Why the Cheapest Quote Can Become the Most Expensive Move
The biggest mistake I see people make is choosing a moving company purely because they offered the lowest price.
Price should never be the deciding factor.
I’ve seen situations where several reputable moving companies quoted similar prices, while one company came in dramatically cheaper. The customer understandably thought they had found an incredible bargain.
Unfortunately, what followed was a nightmare.
Case Study: The Moving Nightmare
A family needed to relocate across the country and collected several quotations online. Most companies quoted around the same price, but one internet-based company came in at less than half the cost. Excited by the apparent bargain, the customer booked immediately over the phone and paid a deposit without insisting on a virtual or in-person inventory inspection.

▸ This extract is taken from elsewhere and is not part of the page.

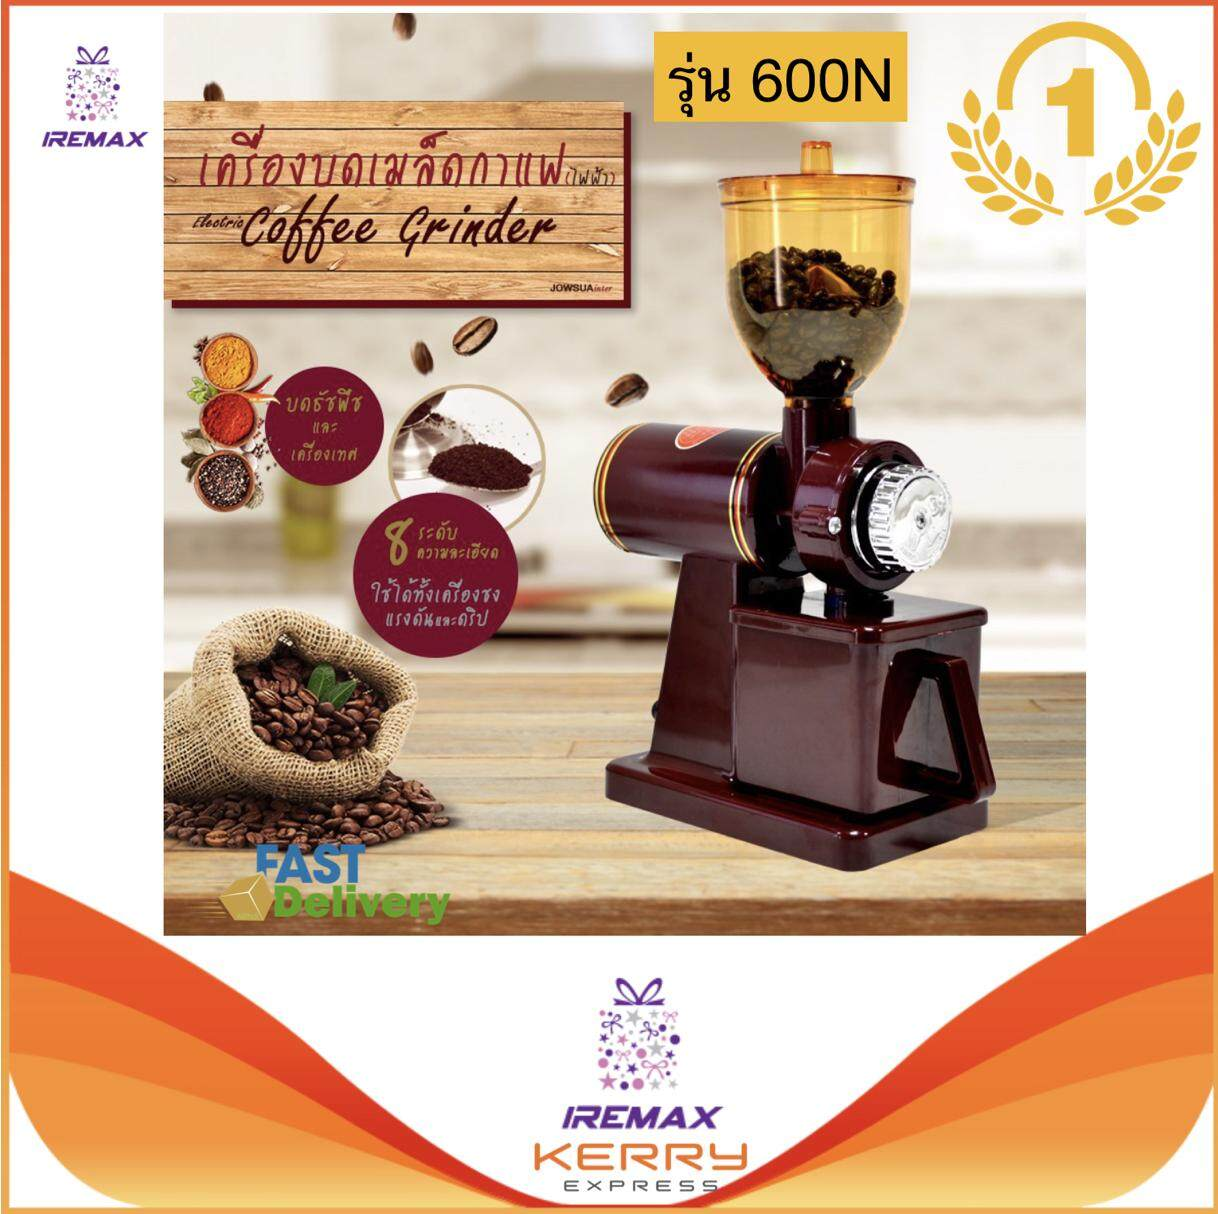 iRemax เครื่องบดกาแฟ เมล็ดกาแฟสด เครื่องบดเมล็ดกาแฟ รุ่น Coffee Grinder 600N

On moving day, an unmarked truck arrived with subcontractors rather than the company’s own staff. Once everything had been loaded, the driver produced a revised contract claiming the furniture occupied far more space than originally estimated. The family was suddenly asked to pay thousands more before the truck would leave.
When they refused, the truck drove away with all of their belongings. Their furniture was placed into storage while additional storage charges accumulated daily. Eventually, they had to involve legal authorities and pay significantly more than they would have paid had they simply chosen a reputable moving company from the beginning.
What They Should Have Asked
- Can you provide your physical warehouse address?
- Will you complete a video or in-home inventory before quoting?
- Are you the moving company or are you acting as a broker?
- Can you provide proof of your operating registrations?
- Is my quotation guaranteed or can it change on moving day?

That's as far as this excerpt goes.